Direct diagnosis possible for gPRA

As you are aware, the causative mutation for gPRA in Schapendoes dogs has been found. A direct mutation test has been established, which analyses the mutation directly in the gene which is homozygous in affected Schapendoes dogs.

Since 1 October 2008, the Ruhr-Universität-Bochum in Germany offered us a direct gene test for gPRA in the Dutch Schapendoes. Due to internal reorganization, from March 1st 2018, they have had to stop offering this test.
We are very pleased that we have found Biofocus LADR Gesellschaft für biologische Analytik mbH in Recklinghausen who are prepared, starting March 2018, to continue the work of Bochum on equal terms and with exactly the same method.
Biofocus has received all test data and material from Ruhr-Universität-Bochum and will carry out the test with the same expertise. Like Bochum, Biofocus will also pass on the test results of all the Schapendoes they have tested to the Schapendoes breed clubs.
The diagnostic certainty is virtually 100%. For breeding purposes heterozygous individuals (carriers +-) can be distinguished reliably from normal (homozygous ++) genotypes and from affected animals (homozygous mutant, –).
The cost will be € 59.50 incl. VAT. You will receive payment instructions together with the result of the test.
Biofocus also offers the possibility to simultaneously request a DNA profile together with the gPRA test. In that case the cost will be € 101.15 incl. VAT.

Under this link [PDF] you will find an (interactive) “Order Form, gPRA gene test Dutch Schapendoes”, which you can fill in on your computer and then print it out.

Hand over the form (partly completed by you) to your own veterinarian and ask him to:

Identification:
The veterinarian needs to read your dog’s microchip with a chip reader and check whether the chip number matches the number stated on the pedigree of the presented dog.

Blood samples:
For a good result, it is highly recommended to do the test with blood samples. For this, send at least 3 EDTA-blood samples, preferably 3 ml each. If that is not possible then 4 samples of 2 ml or, if necessary, 3 x 2 ml. Each tube has to be marked with a sticker indicating clearly the chip number and the name of the dog in question.
If need be, in case blood collection seems impossible, you can send in at least 2 swabs.

Postage and packaging:
The samples do not have to be cooled, but must be sent immediately after collection. The tubes must be well packaged to prevent breakage (envelope covered with plastic bubble wrap). It is better to take the blood at the beginning of the week, so that there is not a weekend between sending and receipt.

You also need to join:

  • A copy of the original pedigree.
  • If available, a copy of the most recent eye examination report (ECVO).
  • The completed and signed research form.

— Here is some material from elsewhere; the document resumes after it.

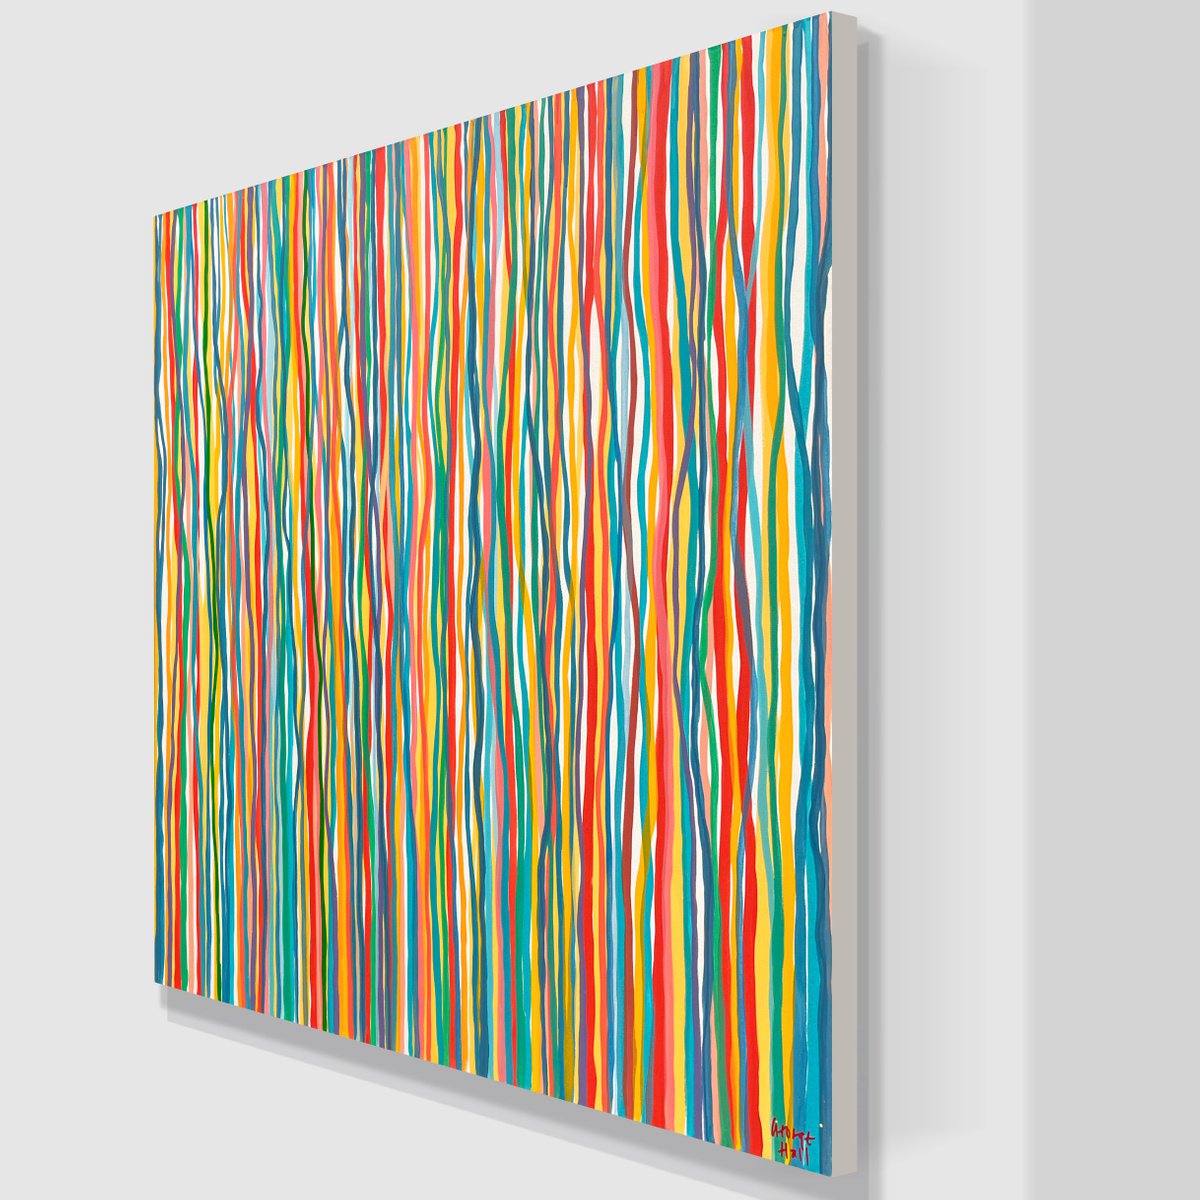 Free Funk - 117 x 117cm acrylic on canvas by George Hall

Send everything together by “Priority post” to:
LADR Biofocus, Berghauser Strasse 295, D-45659 Recklinghausen, Germany.   

Important:
We prefer to have blood samples taken at the beginning of the week and sent so that they are quickly on site.
Put a sticker with the name and chip number of the dog on each blood sample.

Why blood and no swabs?

  1. Since the beginning of the research into gPRA Bochum has stored the DNA of all dogs tested in a DNA bank. Although this stored DNA is available for possible future research into any other health problems in the Schapendoes, it is less suitable than full blood. So, in addition to the gPRA test, Biofocus also offers us the possibility to store the blood sent in a blood bank from all dogs tested by Biofocus (costs included). With this blood better research can be done on other possible hereditary defects. In blood there is, of course, the DNA of the dog, but also many other substances, which can provide a lot of information. For this research to be viable large quantities of DNA are needed, for which again whole blood is preferable.
  2. In the case of a swab, there are risks that either there is not enough mucosal tissue on it, or that the swabs become contaminated, for example by mold growth or by the owners DNA from their fingers during the handling. As a result, too little cell material is present and insufficient DNA can be isolated. This might make it impossible to carry out the test and a new sample collection and a new test (with corresponding costs) are required.
  3. As mentioned above, swabs often provide insufficient DNA to enable other possible studies in the future. In addition they do not contain any other (metabolic) substances. The limited material that is obtained with a swab is usually not sufficient for use in other research.